From: Andy Fan <zhihuifan1213(at)163(dot)com>
To: David Rowley <dgrowleyml(at)gmail(dot)com>
Cc: PostgreSQL Hackers <pgsql-hackers(at)postgresql(dot)org>, pgsql-hackers(at)lists(dot)postgresql(dot)org
Subject: Re: a wrong index choose when statistics is out of date
Date: 2024-03-07 10:16:52
Message-ID: 87msra9vgo.fsf@163.com
Views: Raw Message | Whole Thread | Download mbox | Resend email
Thread:
Lists: pgsql-hackers


David Rowley <dgrowleyml(at)gmail(dot)com> writes:

> On Wed, 6 Mar 2024 at 02:09, Andy Fan <zhihuifan1213(at)163(dot)com> wrote:
>> This patch introduces a new attoptions like this:
>>
>> ALTER TABLE t ALTER COLUMN col set (force_generic=true);
>>
>> Then selfunc.c realizes this and ignore the special Const value, then
>> average selectivity is chosen.
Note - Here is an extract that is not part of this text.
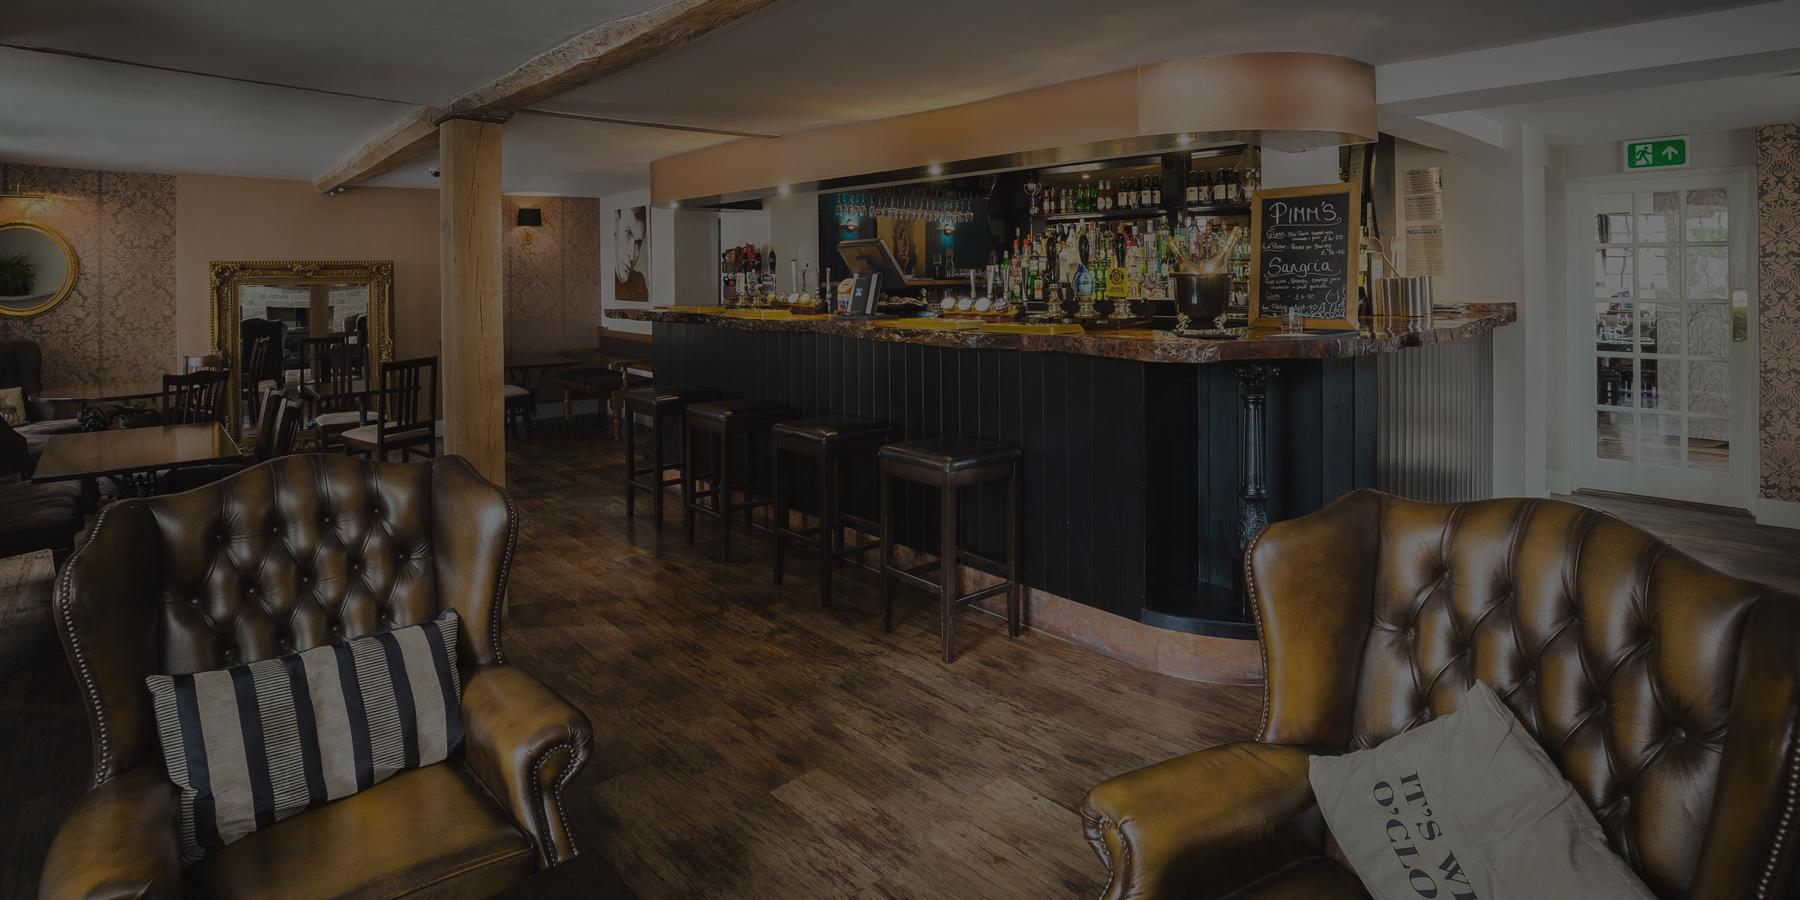 Dutchess Pub Fenstanton

This fall into the weakness of generic
>> plan, but this patch doesn't introduce any new weakness and we leave the
>> decision to user which could resolve some problem. Also this logic only
>> apply to eqsel since the ineqsel have the get_actual_variable_range
>> mechanism which is helpful for index choose case at least.
>
> If you don't want the planner to use the statistics for the column why
> not just do the following?

Acutally I didn't want the planner to ignore the statistics totally, I
want the planner to treat the "Const" which probably miss optimizer part
average, which is just like what we did for generic plan for the blow
query.

prepare s as SELECT * FROM t WHERE a = $1 and b = $2;
explain (costs off) execute s(109, 8);
QUERY PLAN
---------------------------------
Index Scan using t_a_c_idx on t
Index Cond: (a = 109)
Filter: (b = 8)

(3 rows)

custom plan, Wrong index due to we have a bad estimation for a = 109.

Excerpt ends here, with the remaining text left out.